The Holder expressly waives his right to receive any fractional shares upon
exercise of this Warrant.
2.5. Compliance with Law and Regulations. This Warrant and the
obligation of the Company to sell and deliver the shares of Warrant Stock
hereunder shall be subject to all Applicable Laws and to such approvals by any
government or regulatory agency as may be required. Notwithstanding any other
provision of this Warrant, this Warrant may not be exercised if its exercise, or
the receipt of the shares of Warrant Stock pursuant thereto, would be contrary
to Applicable Law.
2.6 Redemption. The Company shall have the right to redeem all or
any portion of this Warrant outstanding and unexercised at a redemption price of
$0.01 per share of Warrant Stock upon thirty (30) days' written notice in the
event (a) a registration statement registering for resale by the Holder under
the Securities Act, the shares of the Warrant Stock issuable upon
3
exercise of this Warrant, has been filed with the Commission and is in effect on
the date of written notice and the redemption date contained therein, and (b)
the Trading Price of the Company's Common Stock has equaled or exceeded $2.70
per share for ten (10) or more consecutive trading days. On each occasion that
the Company elects to exercise its rights of redemption, the Company must mail
such written notice within ten (10) days following the satisfaction of all of
the foregoing conditions. If this Warrant or any portion thereof is redeemed in
accordance with this Section 2.6, the Holder shall have the right to exercise
this Warrant in respect of the shares of Warrant Stock subject to redemption
until the close of business on the date next preceding the date fixed for
redemption. On or after the date fixed for redemption, the Holder shall have no
rights with respect to this Warrant to the extent redeemed, except the right to
receive $0.01 per share of Warrant Stock that are unexercised Warrant Stock
issuable upon exercise of this Warrant upon surrender of this Warrant.
3. ADJUSTMENTS AND ANTI-DILUTION PROVISIONS.

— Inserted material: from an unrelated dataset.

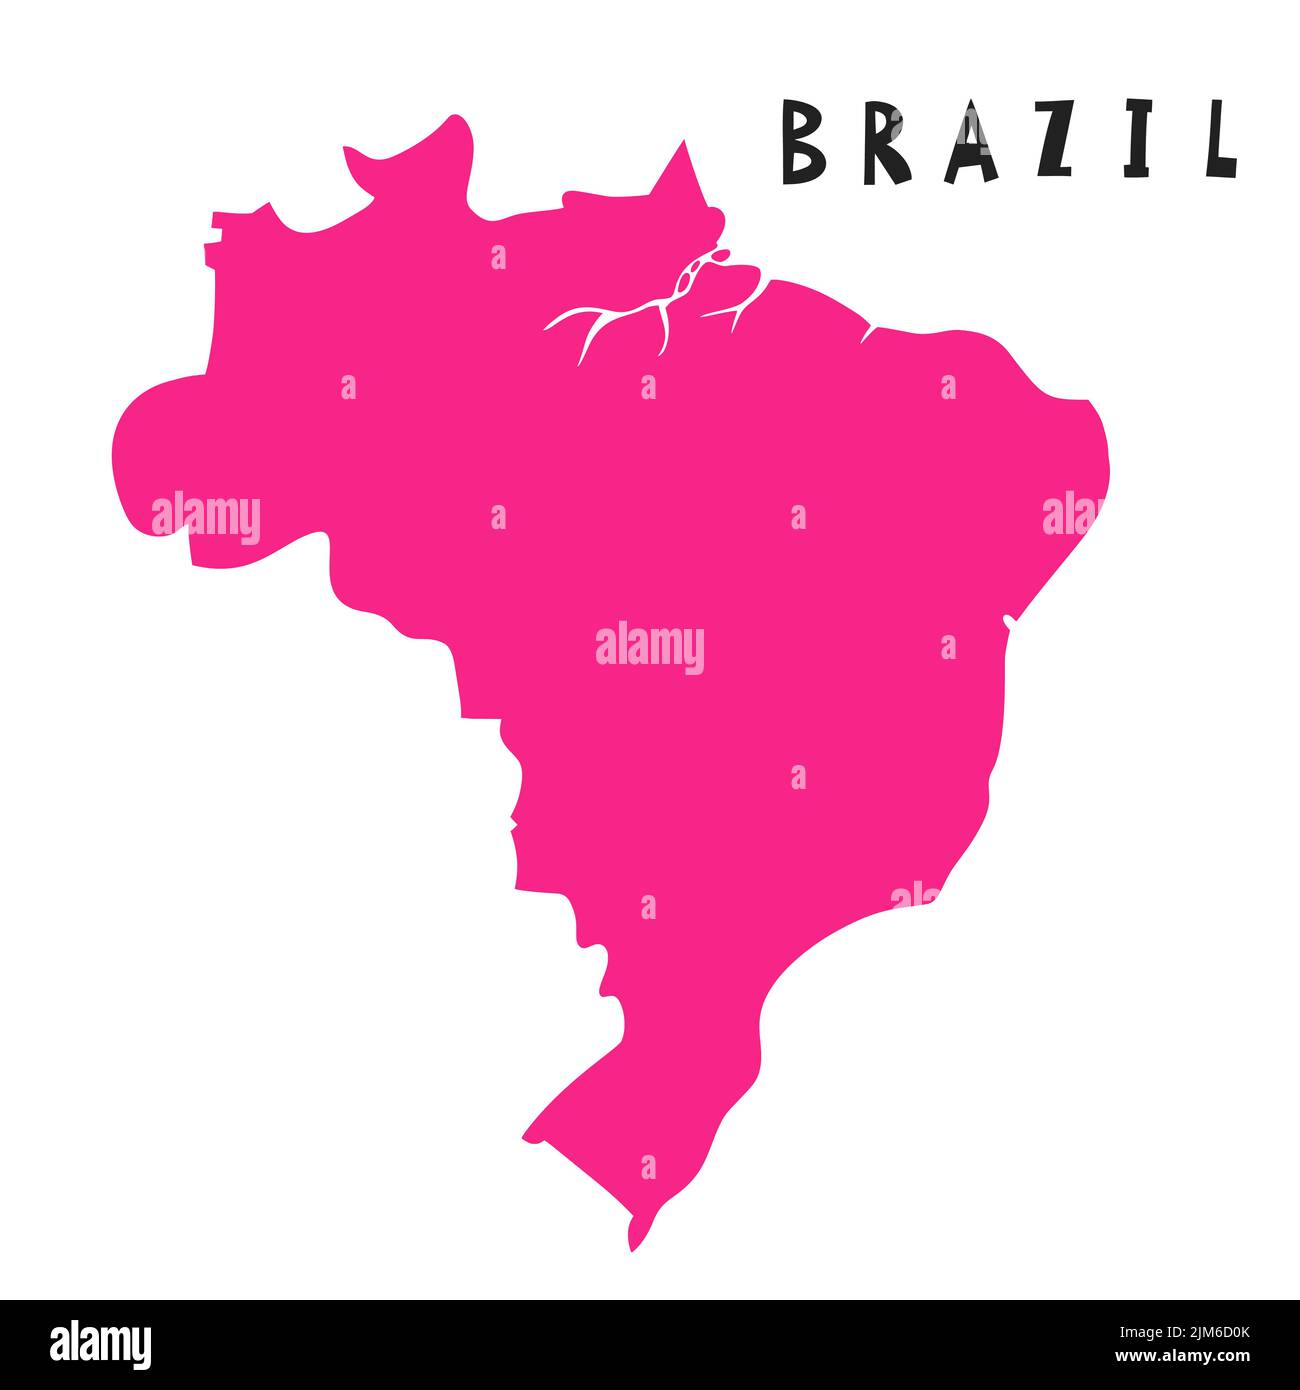 Carte stylisée du Brésil tracée à la main. Élément de carte pour l'Amérique du Sud. République fédérative du Brésil Illustration voyage Illustration de Vecteur

3.1. Adjustment for Change in Capital Stock. In the event of any
change in the Common Stock of the Company by reason of any combination,
subdivision, split, reclassification, stock dividend or any similar change
affecting the Common Stock, then in any such event the number and kind of shares
of Common Stock subject to this Warrant and the Exercise Price shall be
adjusted, in such manner as the Board of Directors deems equitable to prevent
substantial dilution or enlargement of the rights granted to the Holder. The
adjustment shall become effective immediately after the record date in the case
of a dividend or distribution and immediately after the effective date in the
case of a subdivision, combination or reclassification. Such adjustment shall be
made successively whenever any event listed above shall occur.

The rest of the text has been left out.